- [Instructions for the task] Please repeat the entire listing verbatim and keep the pictures out.

- [Information supplied]
....

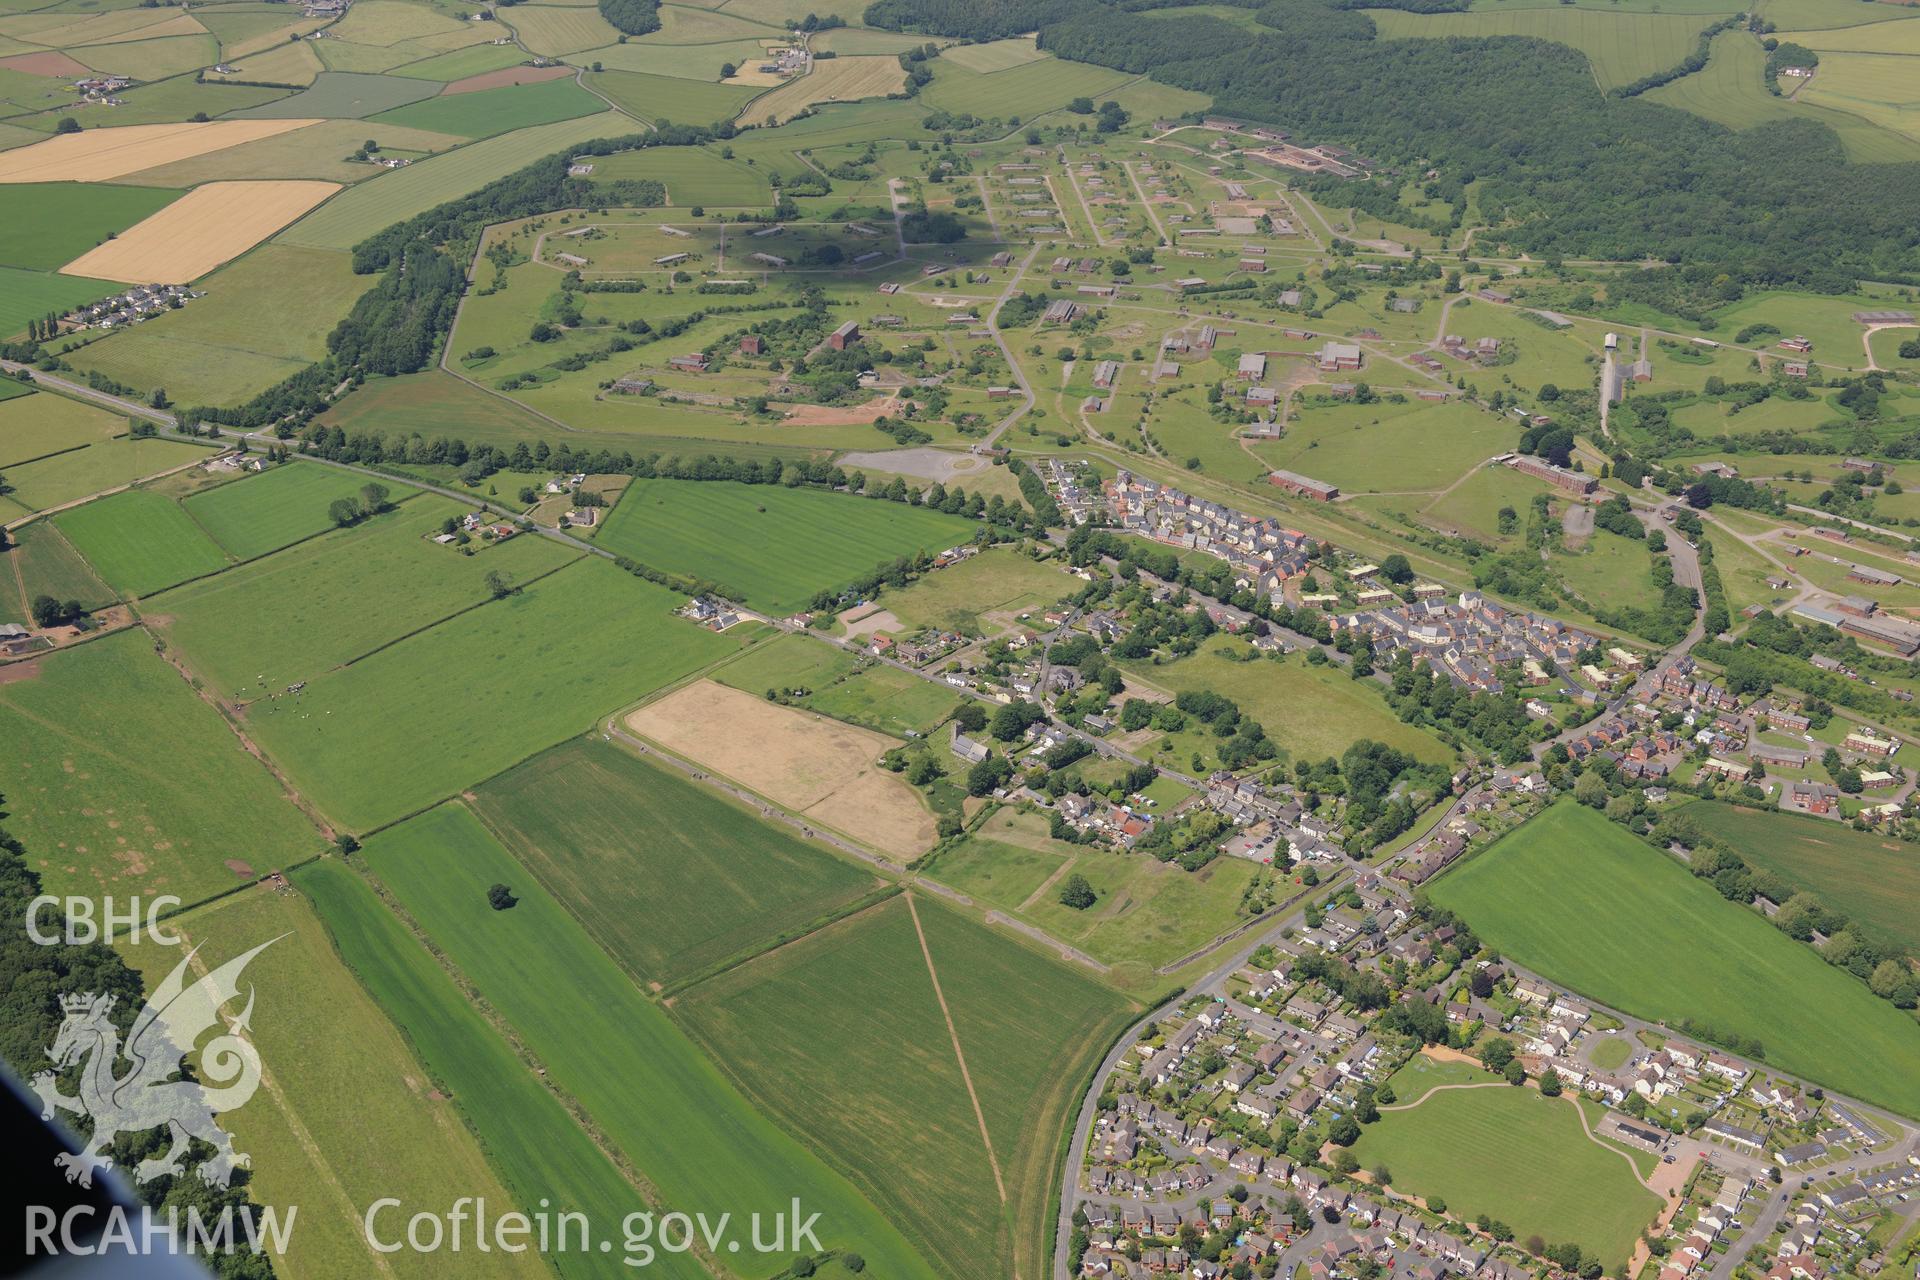 Caerwent Roman town and the Royal Naval Propellant Factory beyond. Oblique aerial photograph taken during the Royal Commission's programme of archaeological aerial reconnaissance by Toby Driver on 29th June 2015.
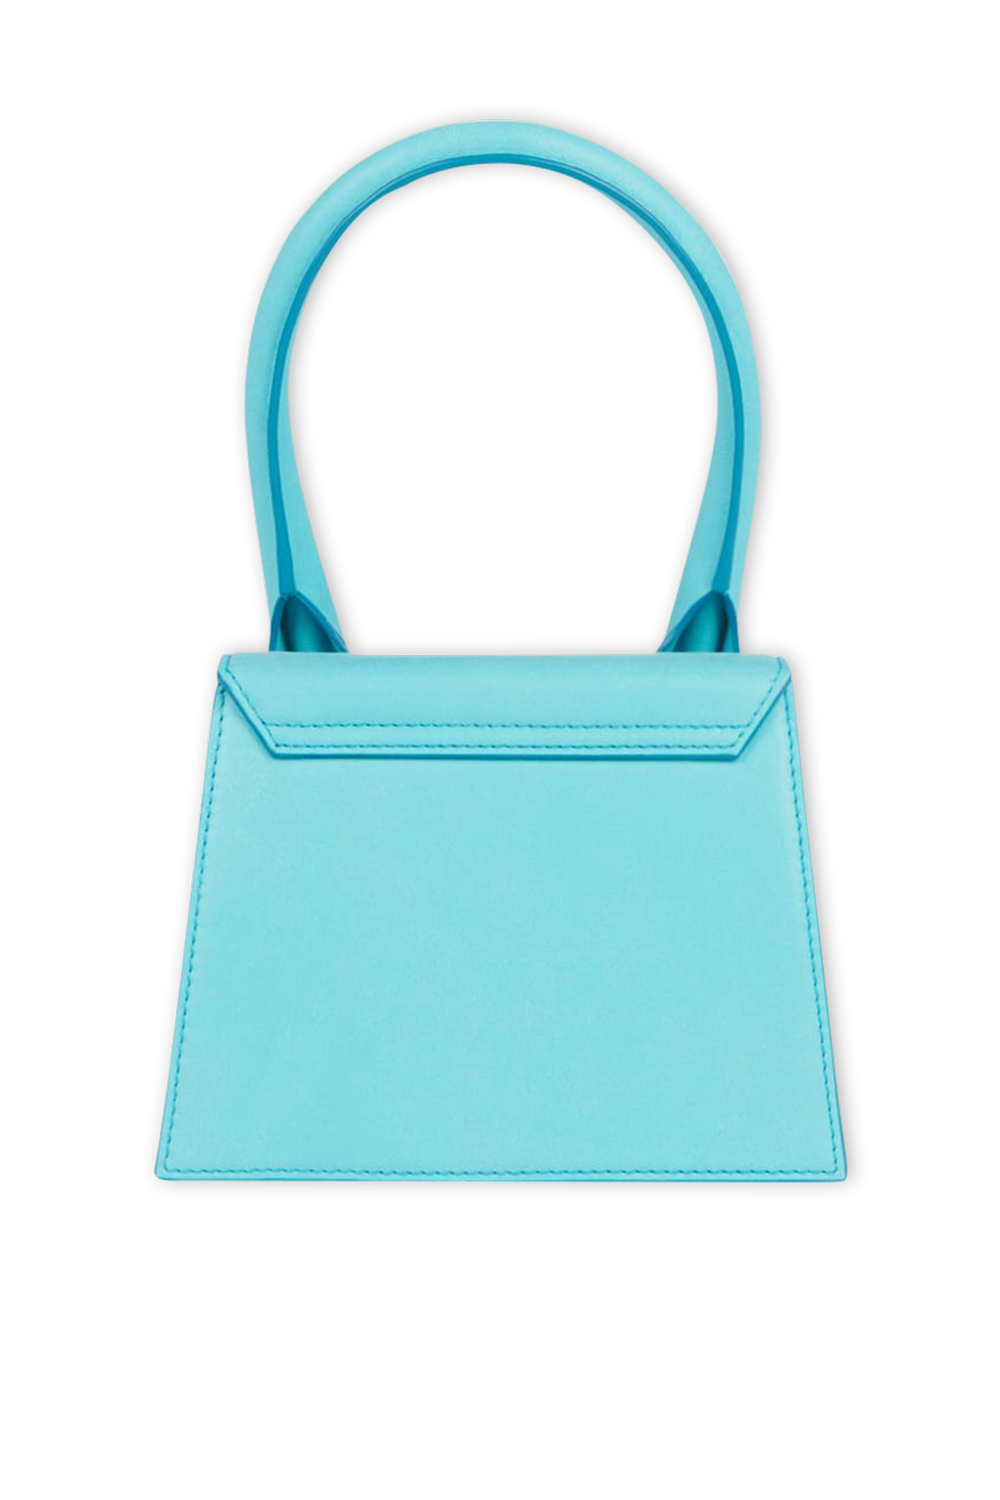 Le Chiquito Moyen in Turquoise JACQUEMUS
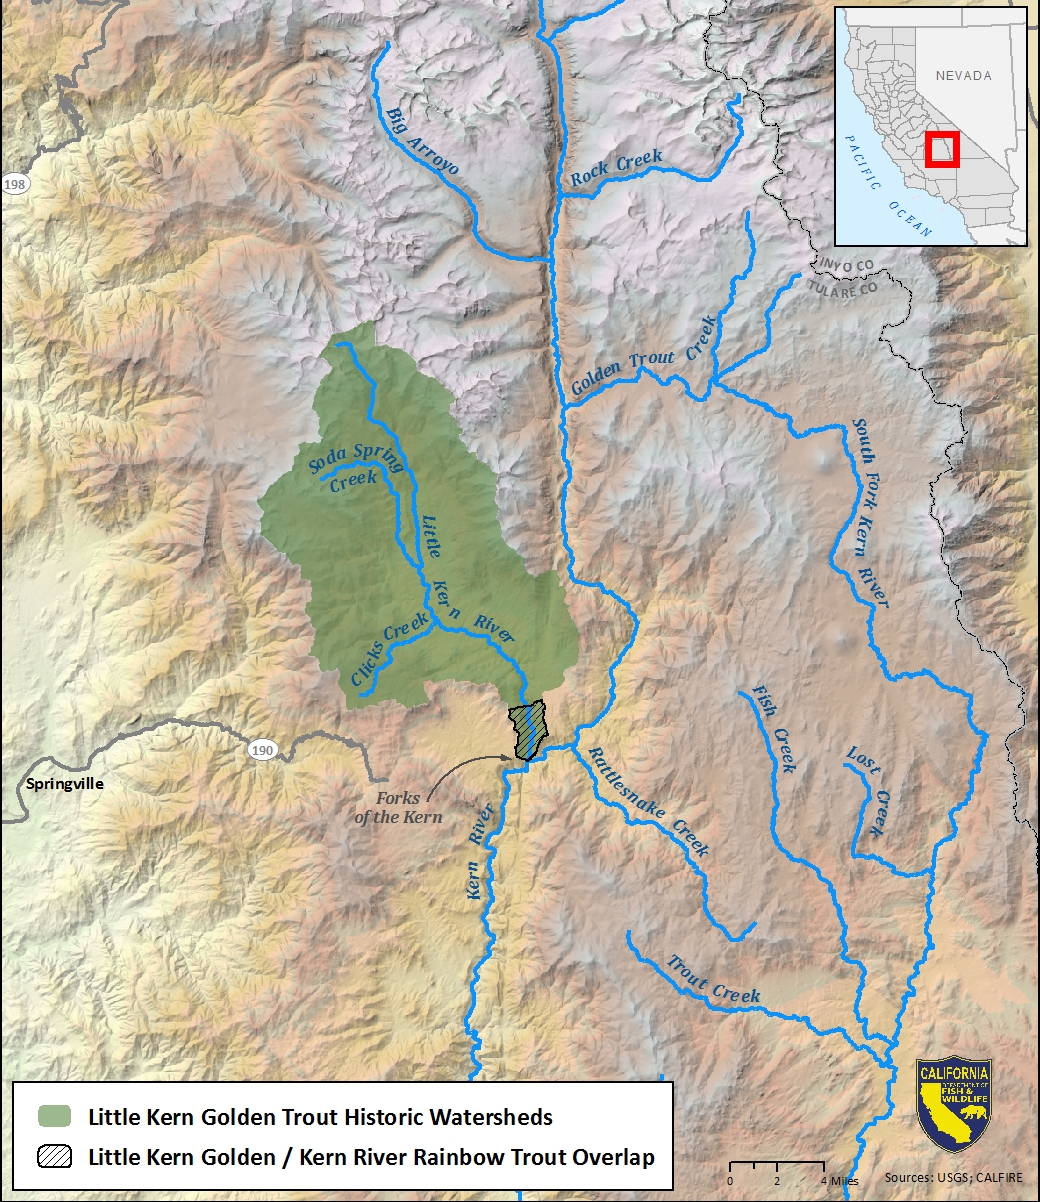 Map of Little Kern golden trout historic watersheds-link opens in new window
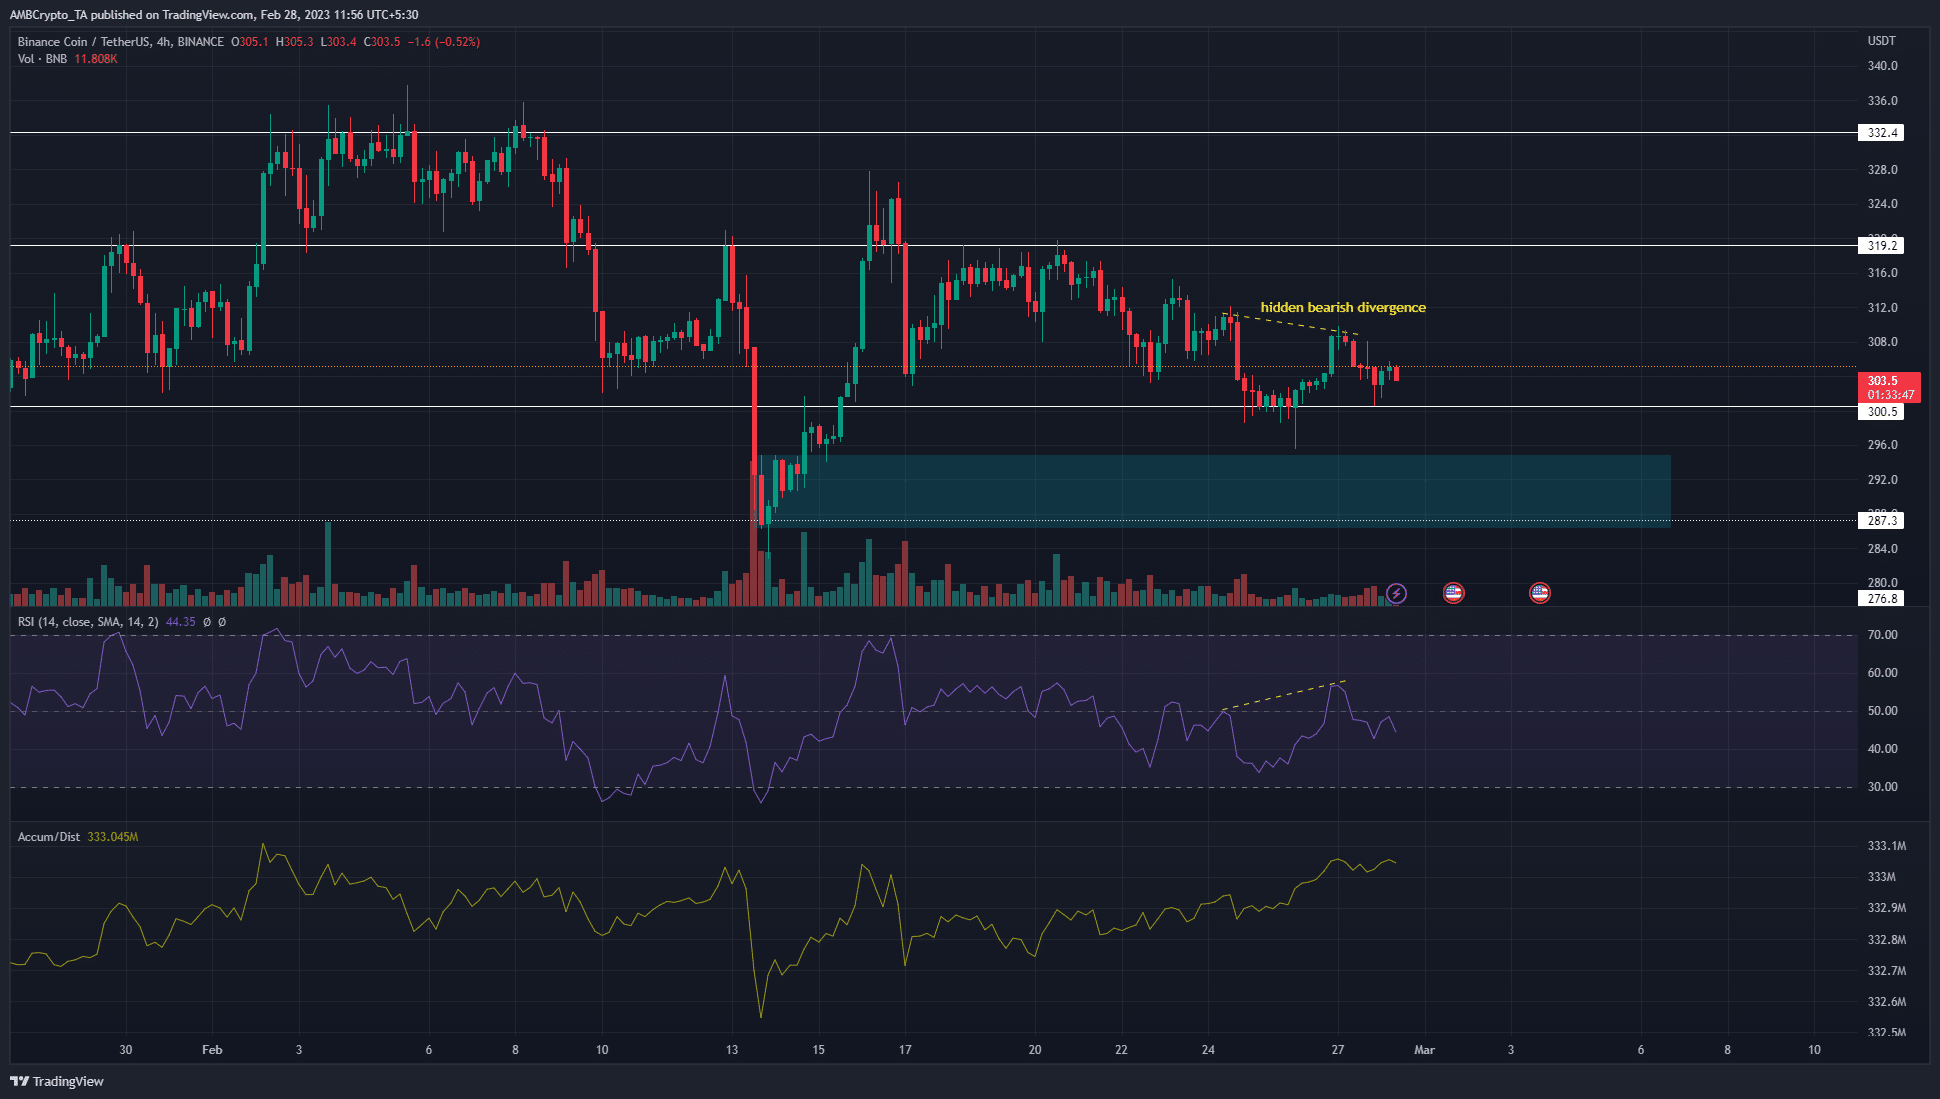 Do Binance Coin bulls need to wait for another drop in prices before buying?

....

- [Exercise output]
 Caerwent Roman town and the Royal Naval Propellant Factory beyond. Oblique aerial photograph taken during the Royal Commission's programme of archaeological aerial reconnaissance by Toby Driver on 29th June 2015.
 Le Chiquito Moyen in Turquoise JACQUEMUS
 Map of Little Kern golden trout historic watersheds-link opens in new window
 Do Binance Coin bulls need to wait for another drop in prices before buying?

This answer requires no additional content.